2002-01-13 17:02:11

by Manfred Spraul

[permalink] [raw]
Subject: cross-cpu balancing with the new scheduler

Is it possible that the inter-cpu balancing is broken in 2.5.2-pre11?

eatcpu is a simple cpu hog ("for(;;);"). Dual CPU i386.

$nice -19 ./eatcpu&;
<wait>
$nice -19 ./eatcpu&;
<wait>
$./eatcpu&.

IMHO it should be
* both niced process run on one cpu.
* the non-niced process runs with a 100% timeslice.

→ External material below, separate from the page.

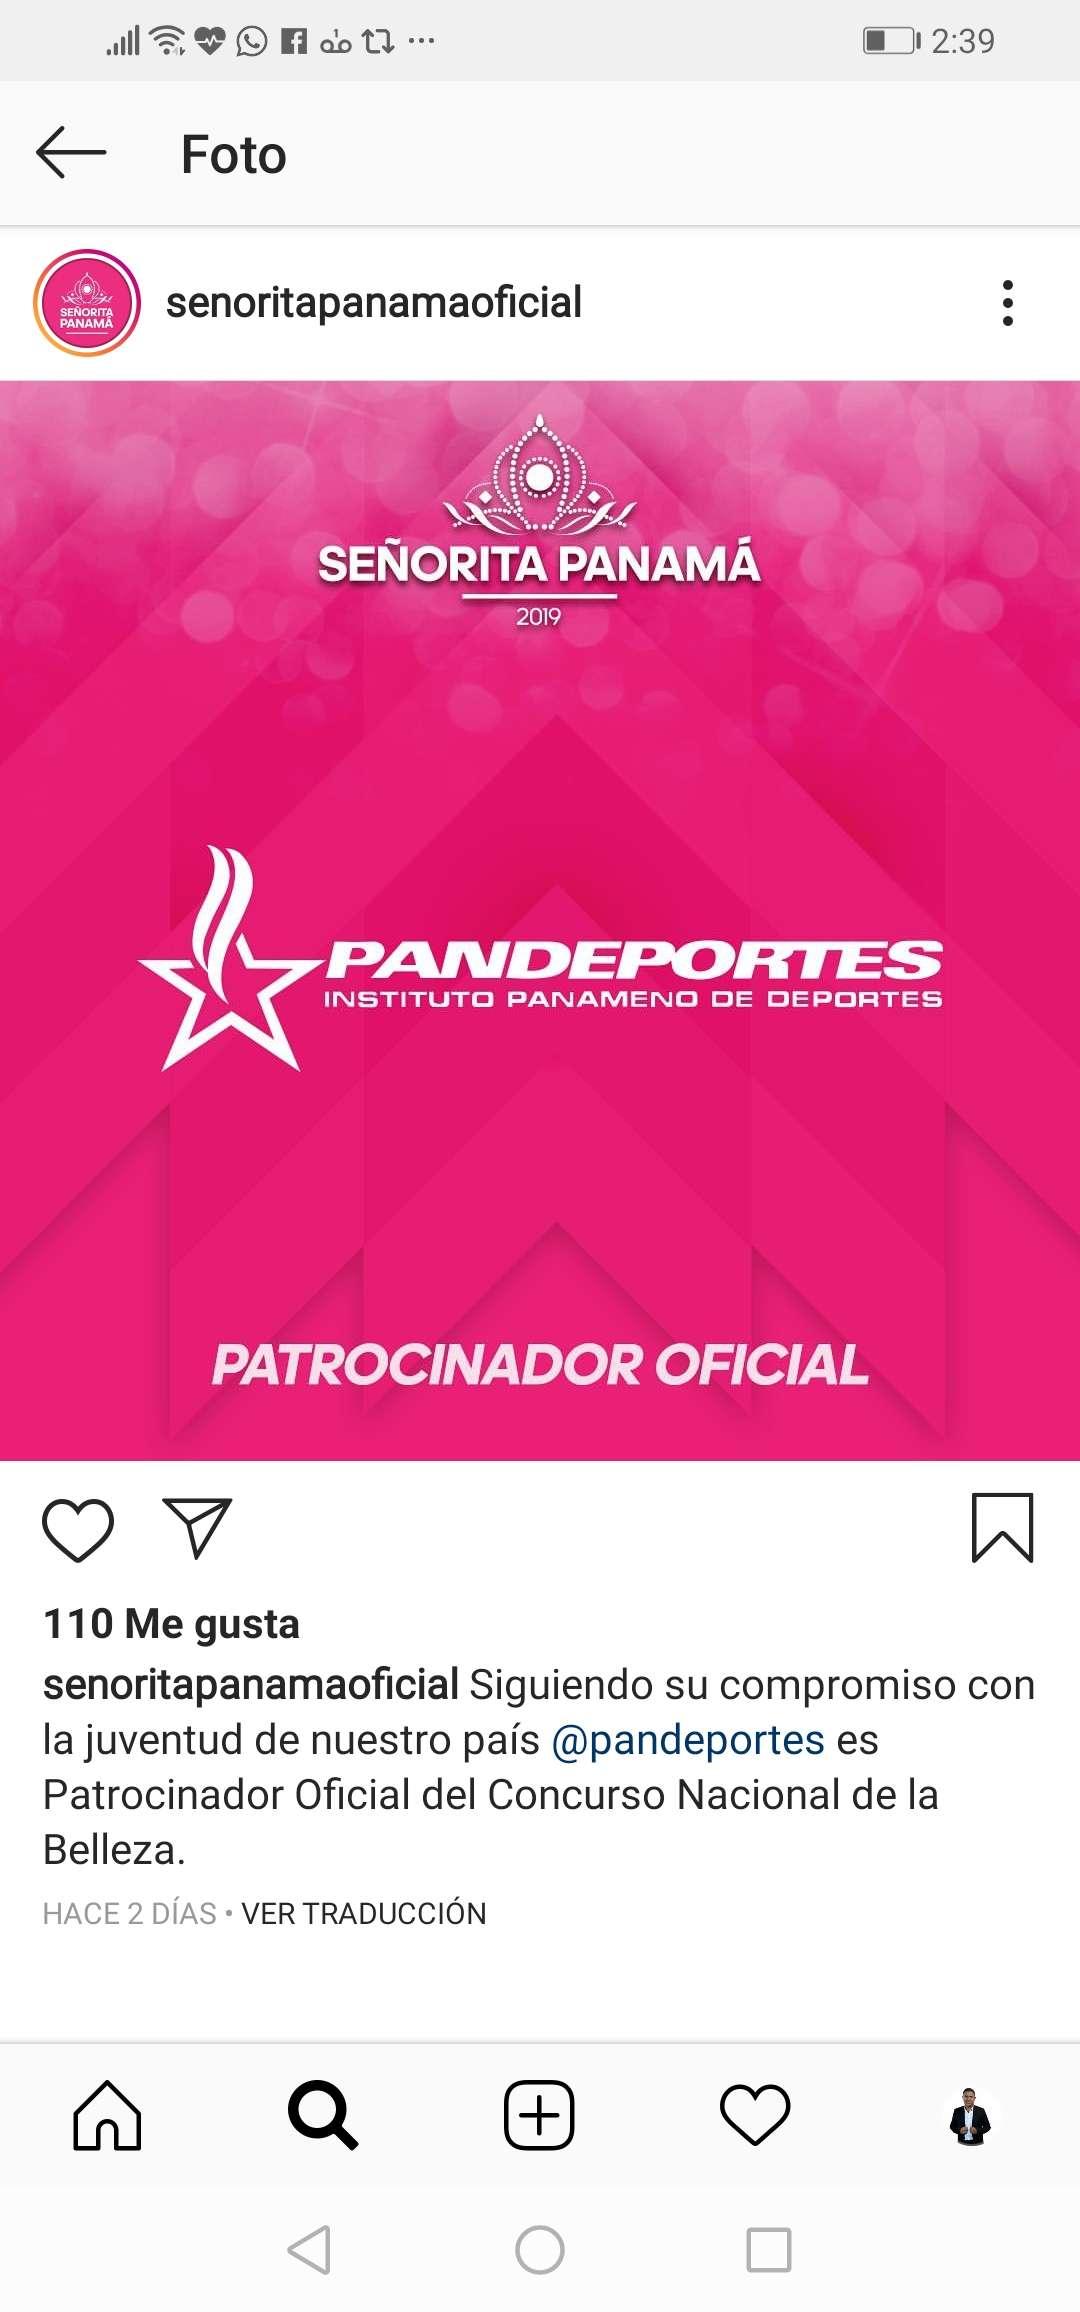 Este es el anuncio que hizo la Organización Señorita Panamá en su cuenta de Instagram.

But it's the other way around:
One niced process runs with 100%. The non-niced process with 50%, and
the second niced process with 50%.

--
Manfred


2002-01-14 02:19:54

by Rusty Russell

[permalink] [raw]
Subject: Re: cross-cpu balancing with the new scheduler

On Sun, 13 Jan 2002 18:01:40 +0100
Manfred Spraul <[email protected]> wrote:

> Is it possible that the inter-cpu balancing is broken in 2.5.2-pre11?
>
> eatcpu is a simple cpu hog ("for(;;);"). Dual CPU i386.
>
> $nice -19 ./eatcpu&;
> <wait>
> $nice -19 ./eatcpu&;
> <wait>
> $./eatcpu&.
>
> IMHO it should be
> * both niced process run on one cpu.
> * the non-niced process runs with a 100% timeslice.
>
> But it's the other way around:
> One niced process runs with 100%. The non-niced process with 50%, and
> the second niced process with 50%.

This could be fixed by making "nr_running" closer to a "priority sum".

Ingo?

Rusty.
--
Anyone who quotes me in their sig is an idiot. -- Rusty Russell.

2002-01-14 02:43:55

by Davide Libenzi

[permalink] [raw]
Subject: Re: cross-cpu balancing with the new scheduler

On Mon, 14 Jan 2002, Rusty Russell wrote:

> On Sun, 13 Jan 2002 18:01:40 +0100
> Manfred Spraul <[email protected]> wrote:
>
> > Is it possible that the inter-cpu balancing is broken in 2.5.2-pre11?
> >
> > eatcpu is a simple cpu hog ("for(;;);"). Dual CPU i386.
> >
> > $nice -19 ./eatcpu&;
> > <wait>
> > $nice -19 ./eatcpu&;
> > <wait>
> > $./eatcpu&.
> >
> > IMHO it should be
> > * both niced process run on one cpu.
> > * the non-niced process runs with a 100% timeslice.
> >
> > But it's the other way around:
> > One niced process runs with 100%. The non-niced process with 50%, and
> > the second niced process with 50%.
>
> This could be fixed by making "nr_running" closer to a "priority sum".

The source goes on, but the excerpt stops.